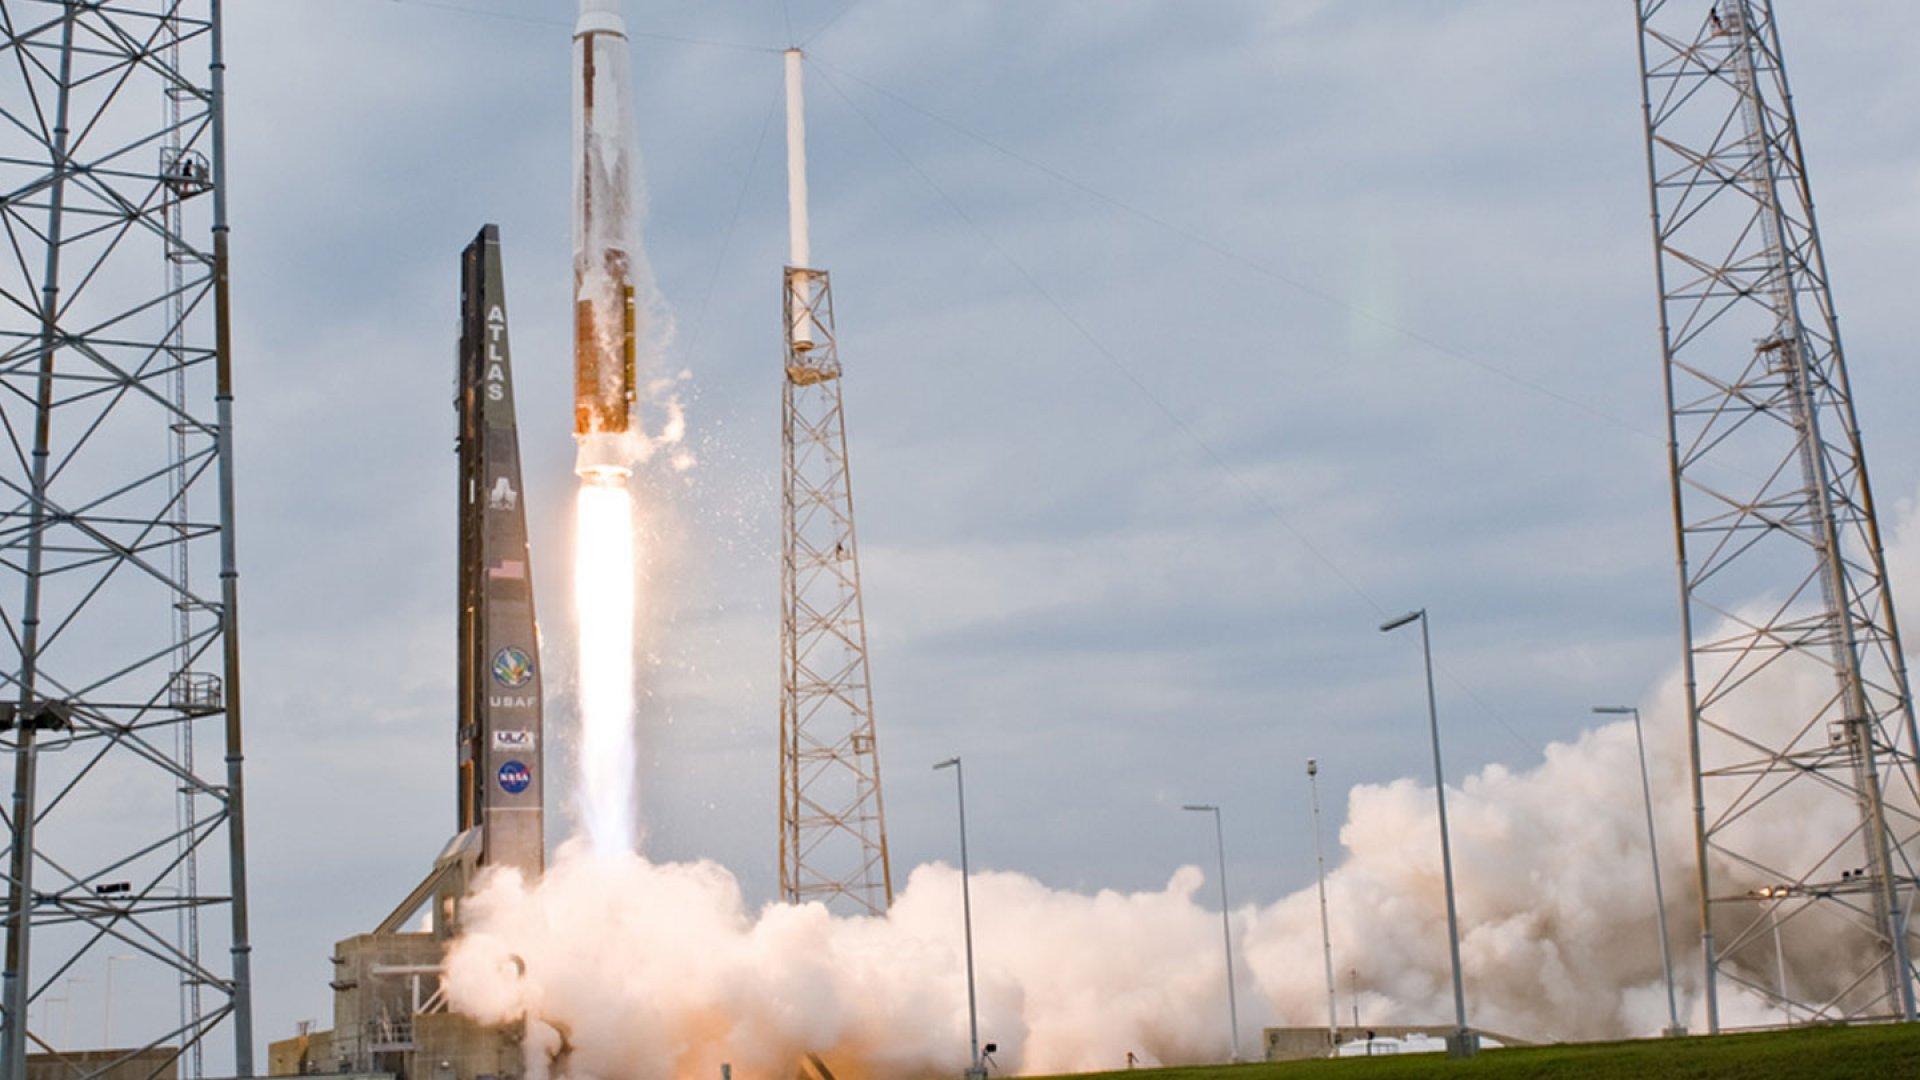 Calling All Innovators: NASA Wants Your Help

---

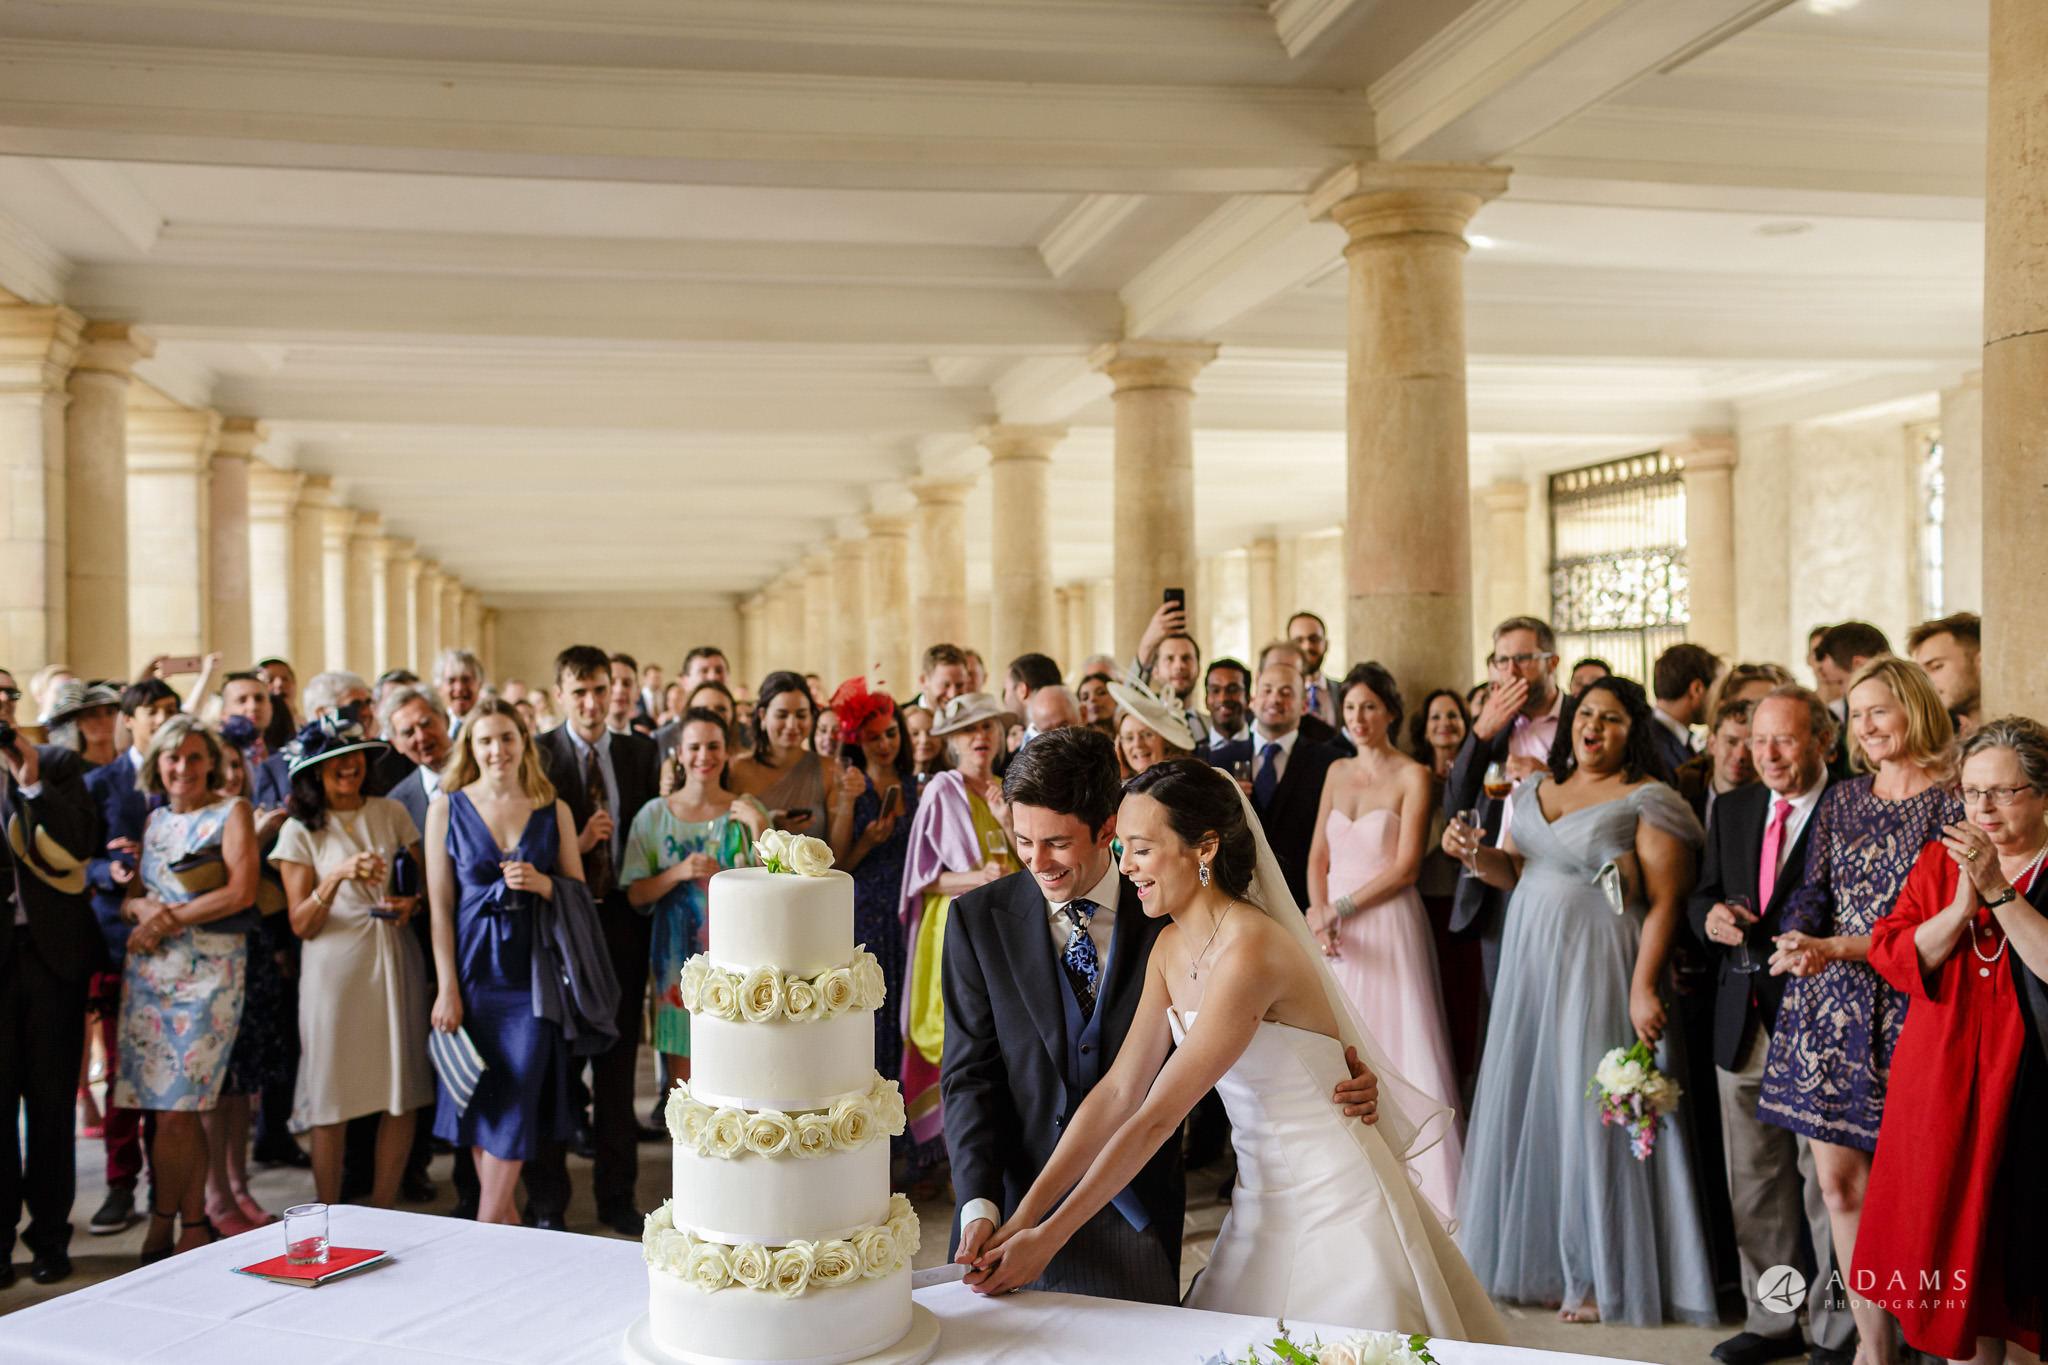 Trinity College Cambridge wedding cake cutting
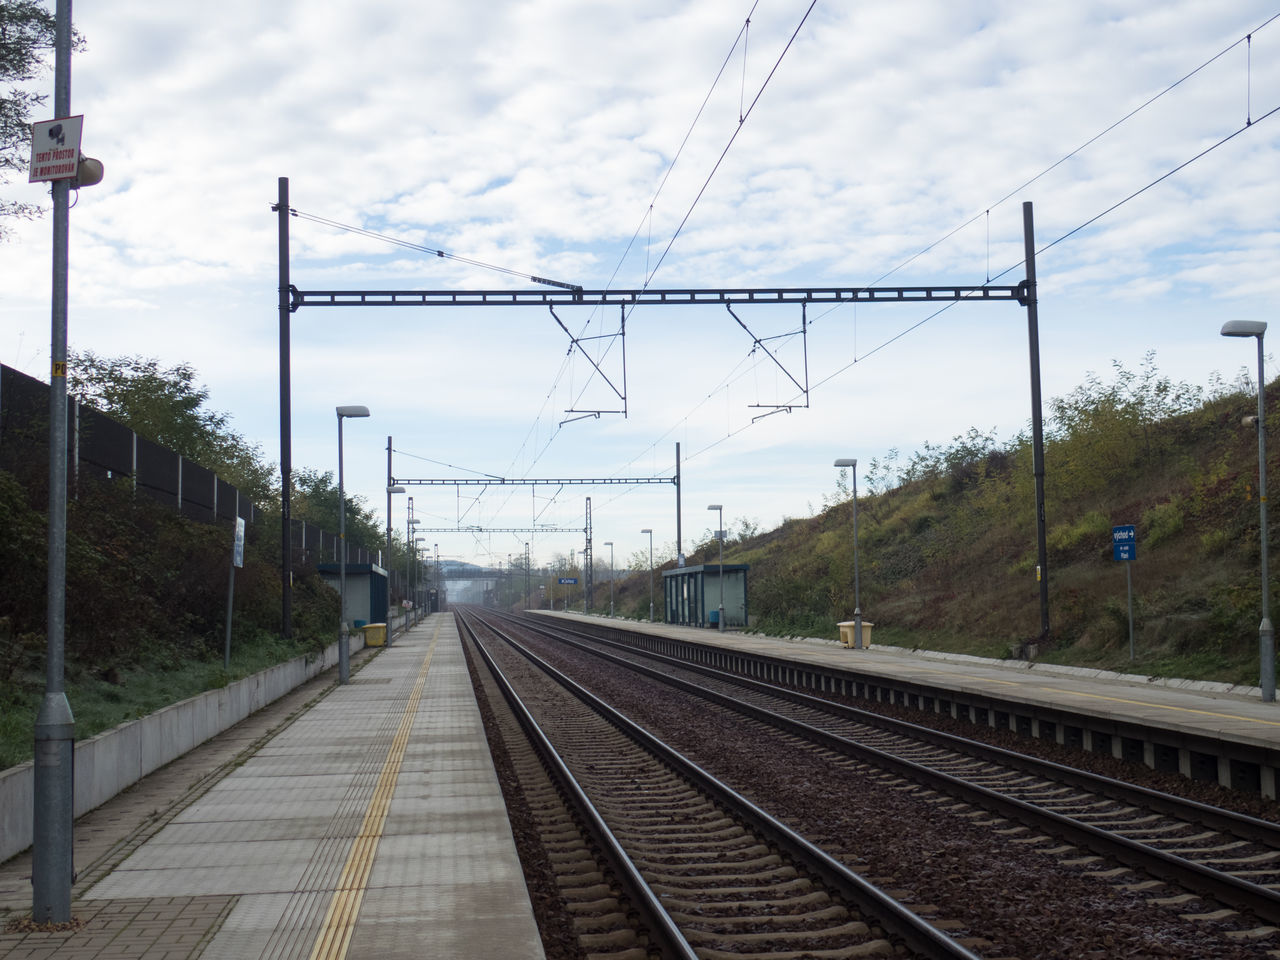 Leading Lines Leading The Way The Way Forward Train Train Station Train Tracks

TASK: What you need to produce is an exact copy of the entries above, limited to the lines from the one with "Trinity College Cambridge" up to and including the one with "Leading Lines Leading", without pictures.

RESPONSE TO THE TASK:
 Trinity College Cambridge wedding cake cutting
 Leading Lines Leading The Way The Way Forward Train Train Station Train Tracks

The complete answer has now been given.